> Problem:
The pictures stay out; all of the data is to be printed exactly.

> Recorded data:
════════════════

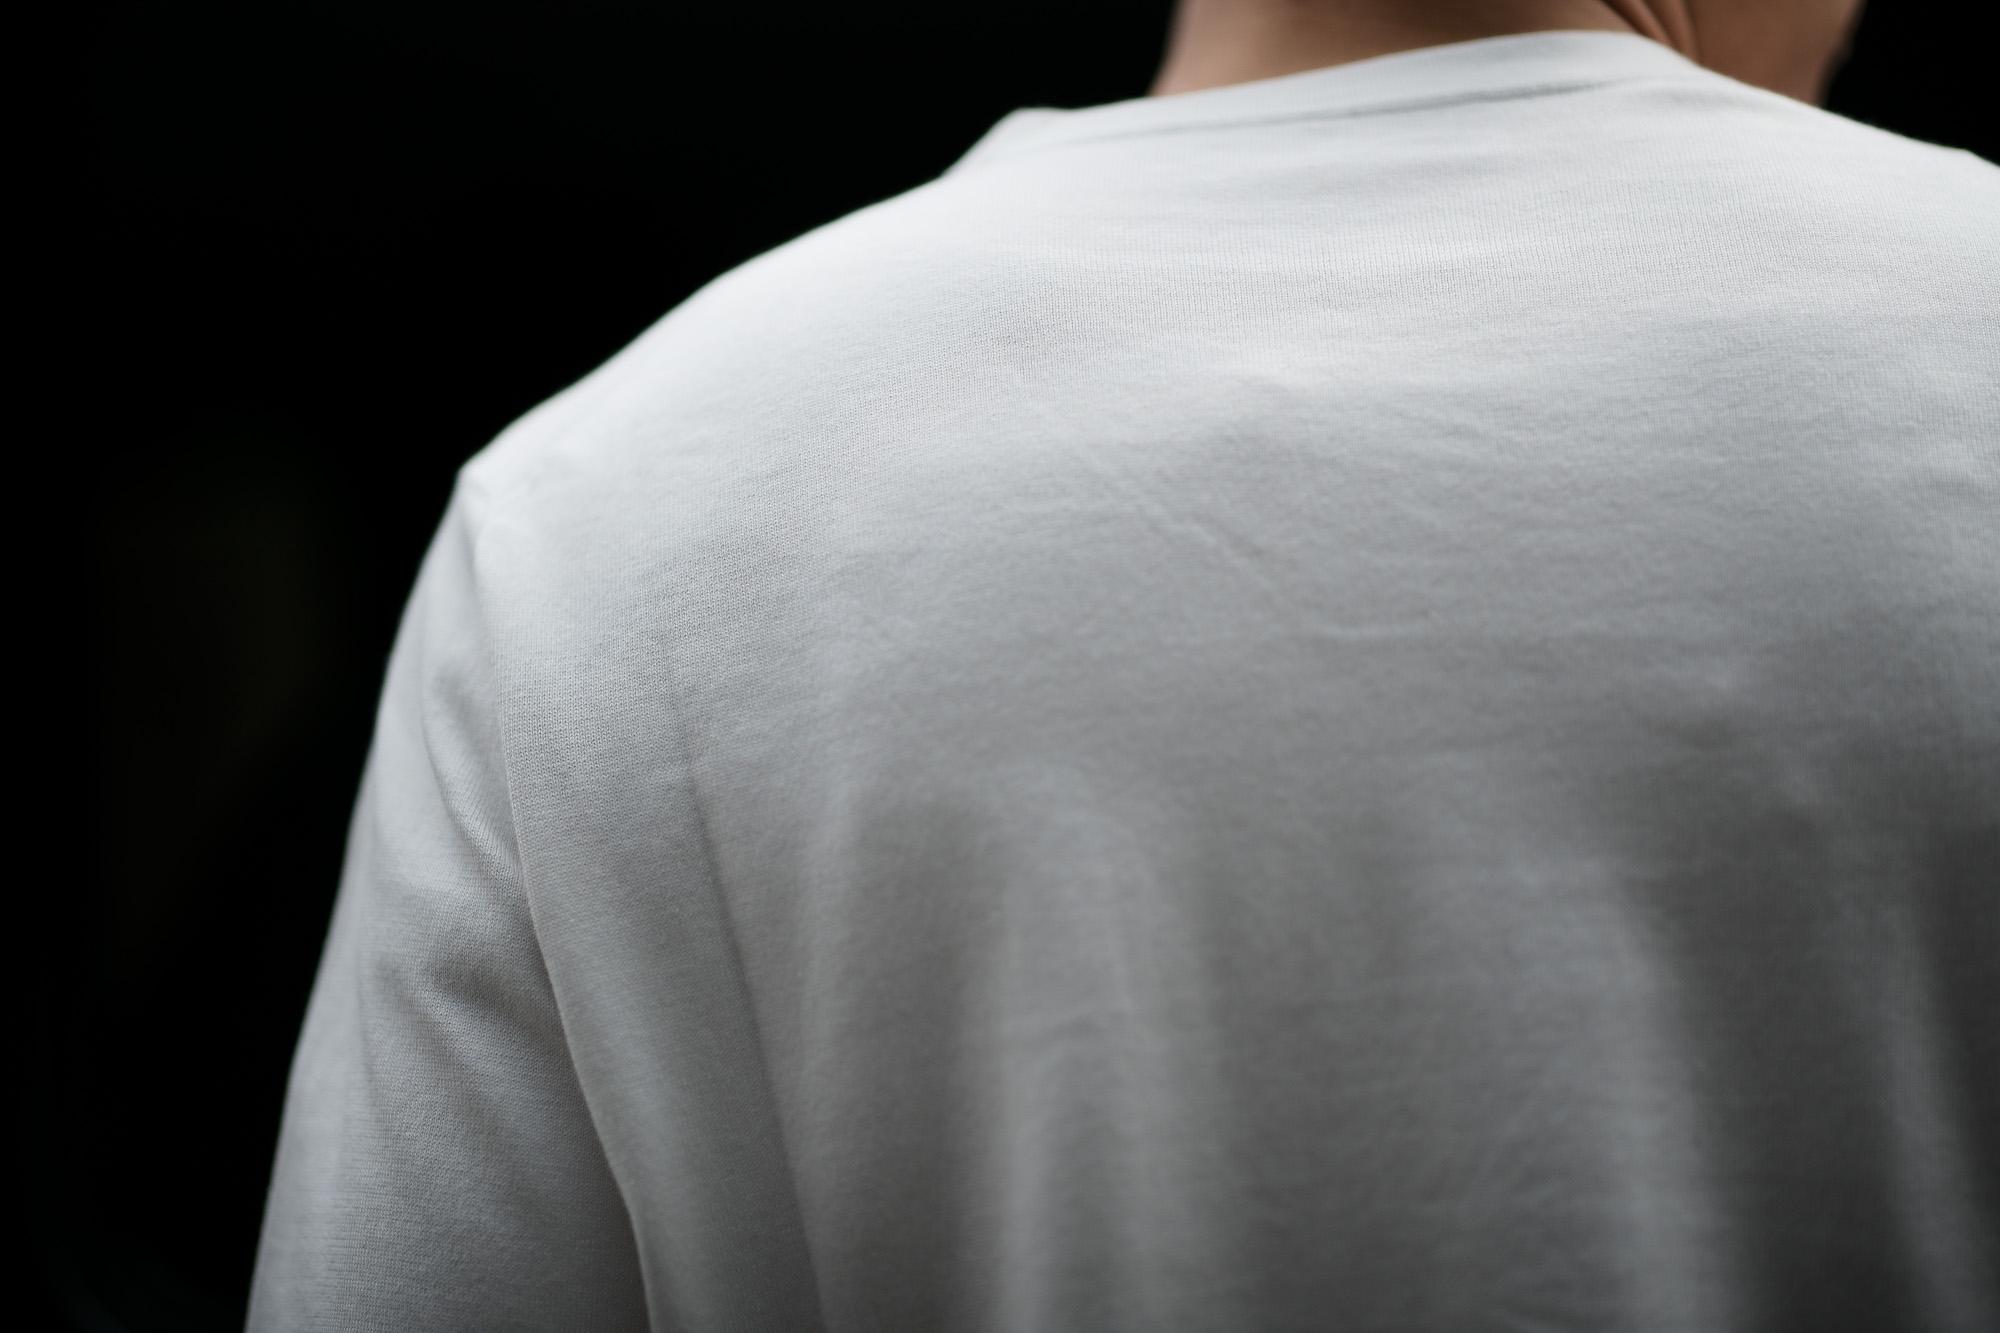 lucien pellat-finet (ルシアン ペラフィネ) SKULL & LEAF ON CHEST ROUND NECK SHORT SLEEVE PULLOVER スカル & リーフ コットン ニット Tシャツ NIVEOUS (ホワイト) 2019 春夏新作 lucienpellatfinet 愛知 名古屋 altoediritto アルトエデリット
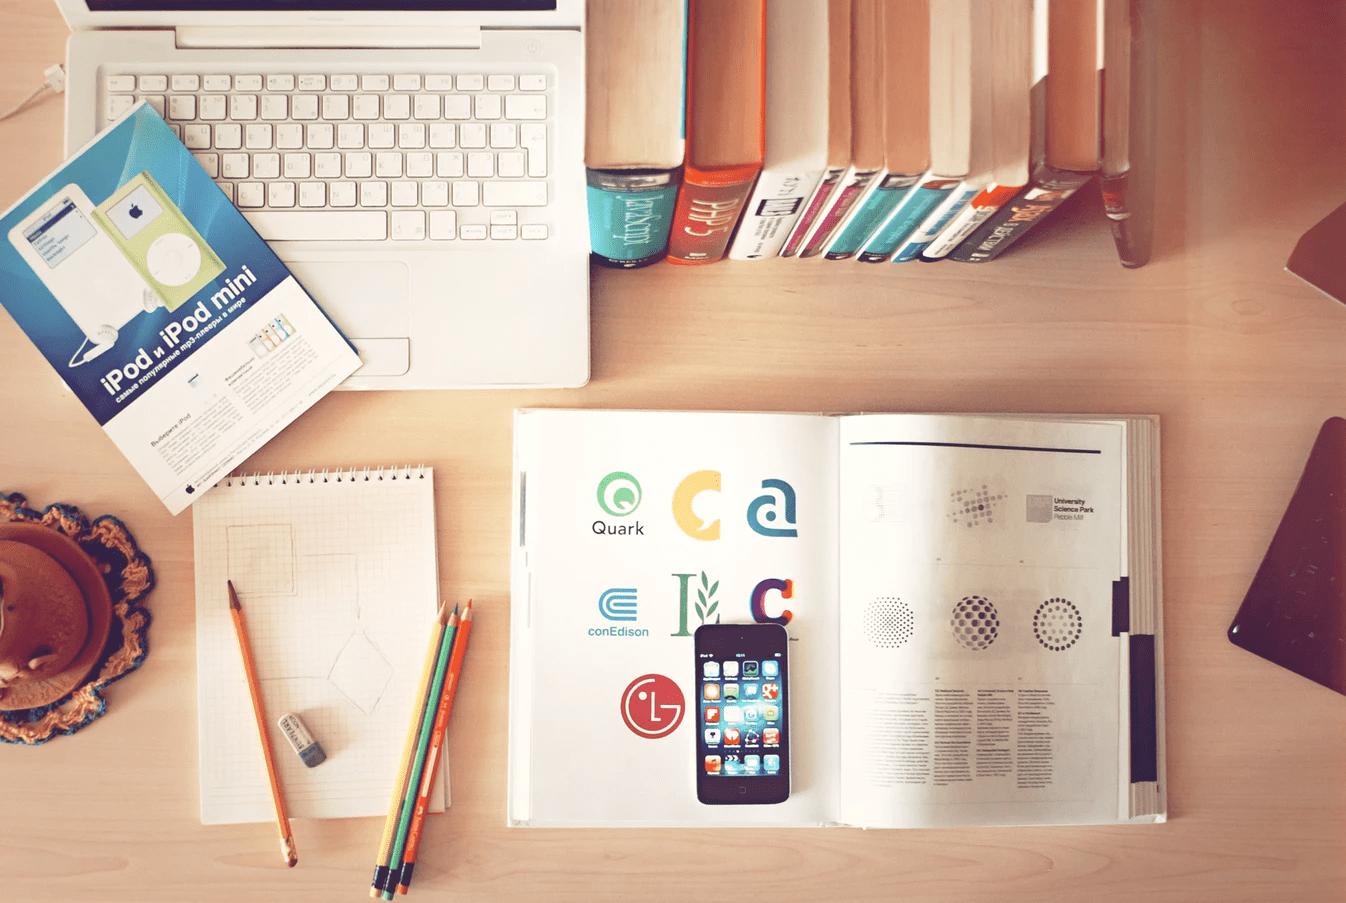 office desk showing logos
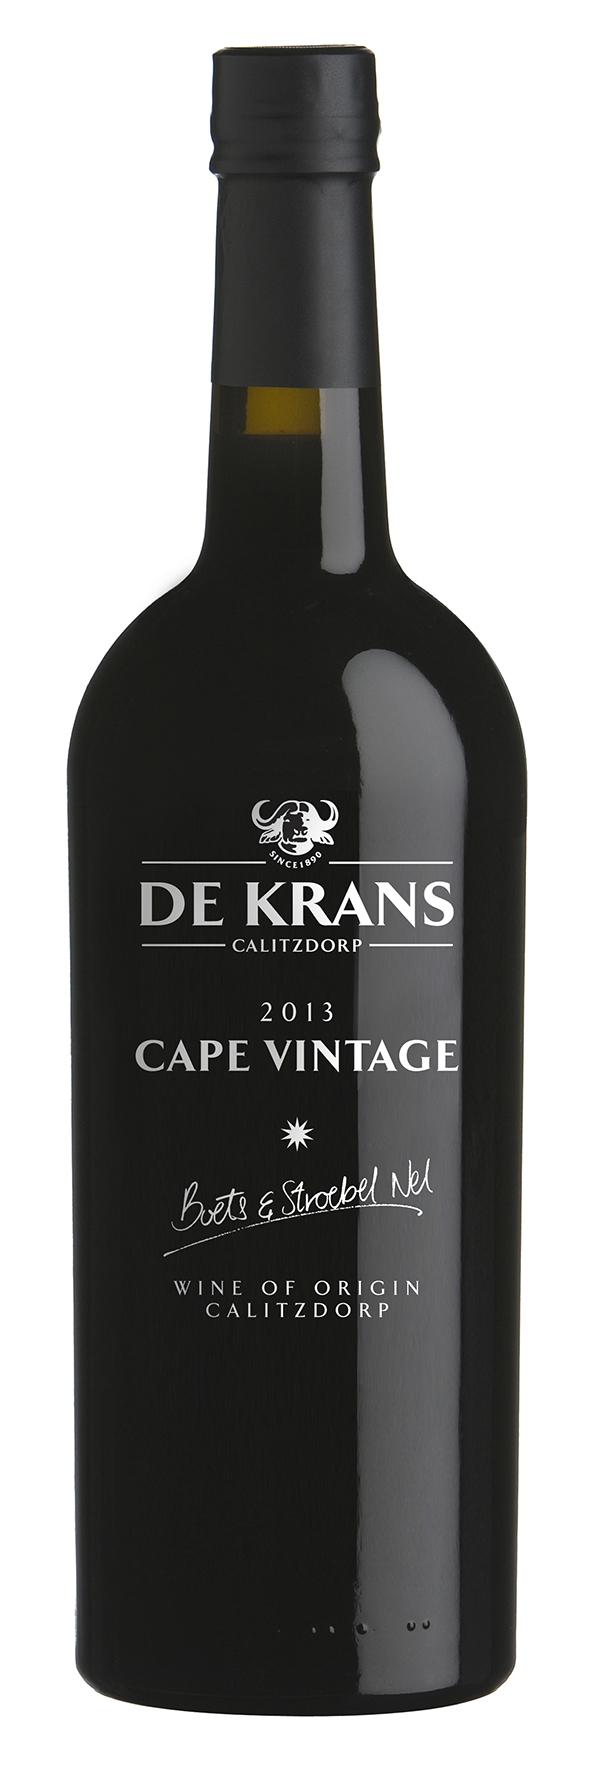 Cape Vintage 2013 pack

════════════════

> Response to the task:
 lucien pellat-finet (ルシアン ペラフィネ) SKULL & LEAF ON CHEST ROUND NECK SHORT SLEEVE PULLOVER スカル & リーフ コットン ニット Tシャツ NIVEOUS (ホワイト) 2019 春夏新作 lucienpellatfinet 愛知 名古屋 altoediritto アルトエデリット
 office desk showing logos
 Cape Vintage 2013 pack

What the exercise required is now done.